Feb 02 '25 19:02 Fred78290

Hi @Fred78290,

Sorry for the delay. It was hard to find time to review the changes again and also research what others is doing. Our main concerns with these changes are mainly cost of committing to support this solution by our small team going forward and still the question if that's the right solution for your problem.

To reiterate once again, you main concern with doing SSH is instability (there might be no network, initialization might be slow, OS inside VM might now play well with networking, etc.). That's why we are discussing a way to have bind and connect modes where a program on the host can establish connection with an agent running in the guest, right?

This agent approach requires:

Having an agent with a special protocol.
Custom image or a way to deliver and configure this agent in guest.
Program running on host that does communicate with the agent using a custom protocol.

Have you looked at --serial and --serial-path arguments for tart run as a way to do this communication for your integration? Plus there is an option of the gust agent staring on 0.0.0.0 on boot and then it will be reachable from the host.

PS for ChatGPT integration it seems VNC might be an interesting approach given the multi-modal capabilities and VNC being "screen sharing + pointer + keyboard".

Feb 04 '25 13:02 fkorotkov

Hi @Fred78290,

Sorry for the delay. It was hard to find time to review the changes again and also research what others is doing. Our main concerns with these changes are mainly cost of committing to support this solution by our small team going forward and still the question if that's the right solution for your problem.

I understand. Probably I must explain in detail what I expect to do: Replace Multipass and Lima.

In fact if you look my repositories, I build some projects around Kubernetes and autoscaling at demand with VMWare, AWS, Openstack, CloudStack Multipass...

Developing on Mac and I used Multipass for testing and seeding but since few month at each MacOS release, multipass stop working and I'm tired to wait that Canonical replace Qemu by MacVZ.

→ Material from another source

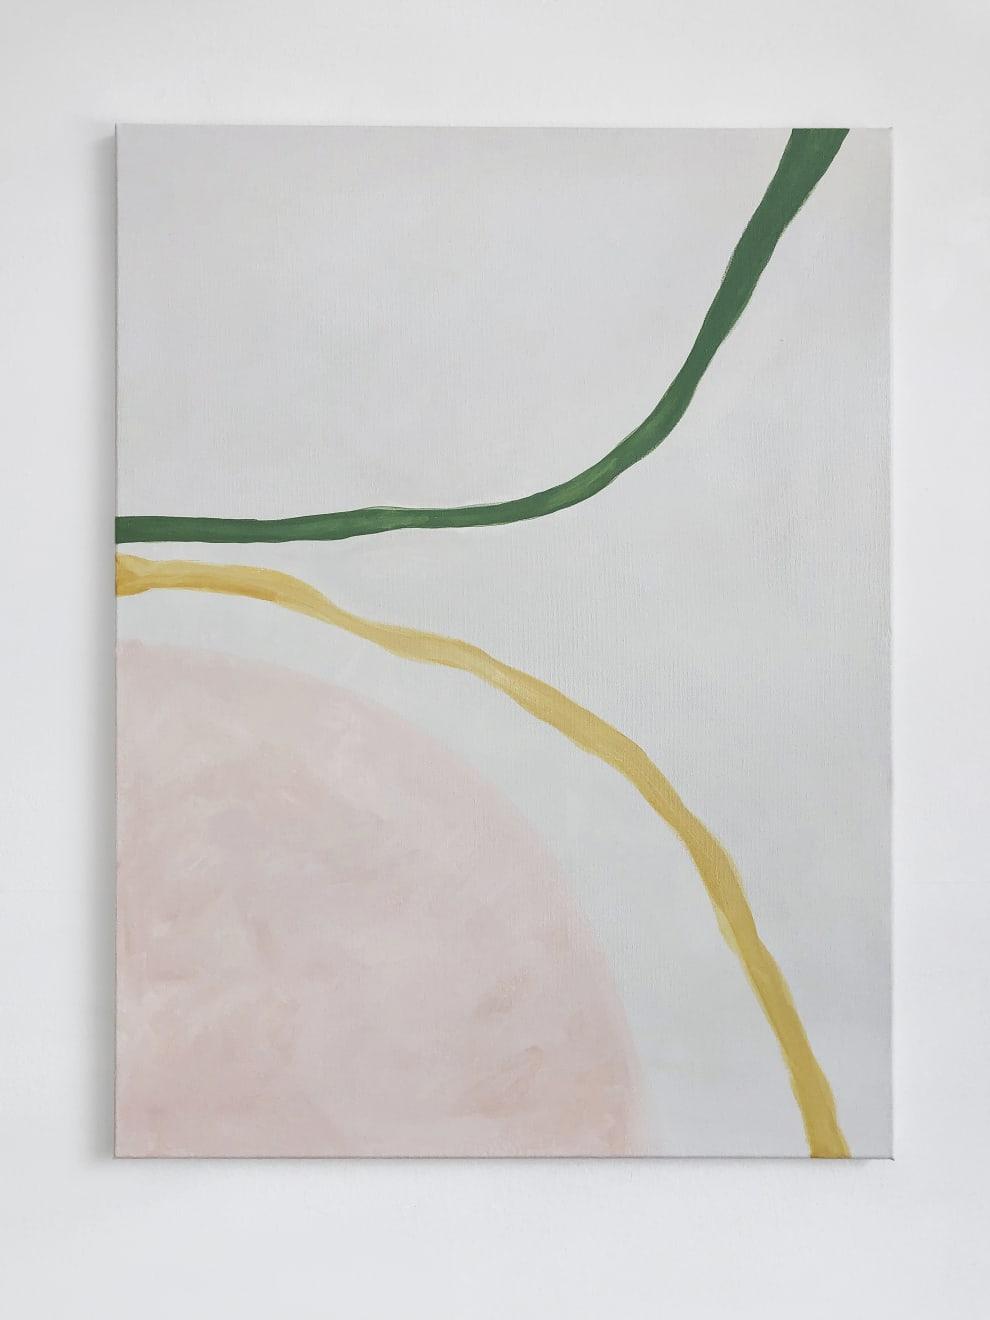 Caroline Popham, Lithe, 2019

So I've decided to replace Multipass by another tool, and after some research I found yours but It miss the feature allowing direct communication between Guest and host without network.

My personnal experience saw that many hypervisor communicate with the guest machine wihtout the network. Multipass use network and the VM use bridged network if the DHCP server fail you can't communicate with the guest and each multipass operation stuck until timeout.

As opposite with VMWare, LXD or Incus, shell communication is done via vsock. It's useful to get ip address without polling like tart does. Also when you have misconfigured network, it's always possible to explore the guest and fix the misconfigured config.

Also when cloud-init stuck, you can open a shell wihtout waiting multi-user.target slice available.

To reiterate once again, you main concern with doing SSH is instability (there might be no network, initialization might be slow, OS inside VM might now play well with networking, etc.). That's why we are discussing a way to have bind and connect modes where a program on the host can establish connection with an agent running in the guest, right?

This agent approach requires:
1. Having an agent with a special protocol.

On the way cakeagent. You have also the ability to use agent from another hypervisor (qemu-guest-agent, incus...)

2. Custom image or a way to deliver and configure this agent in guest.

For Darwin, it's needed to install the agent during the build.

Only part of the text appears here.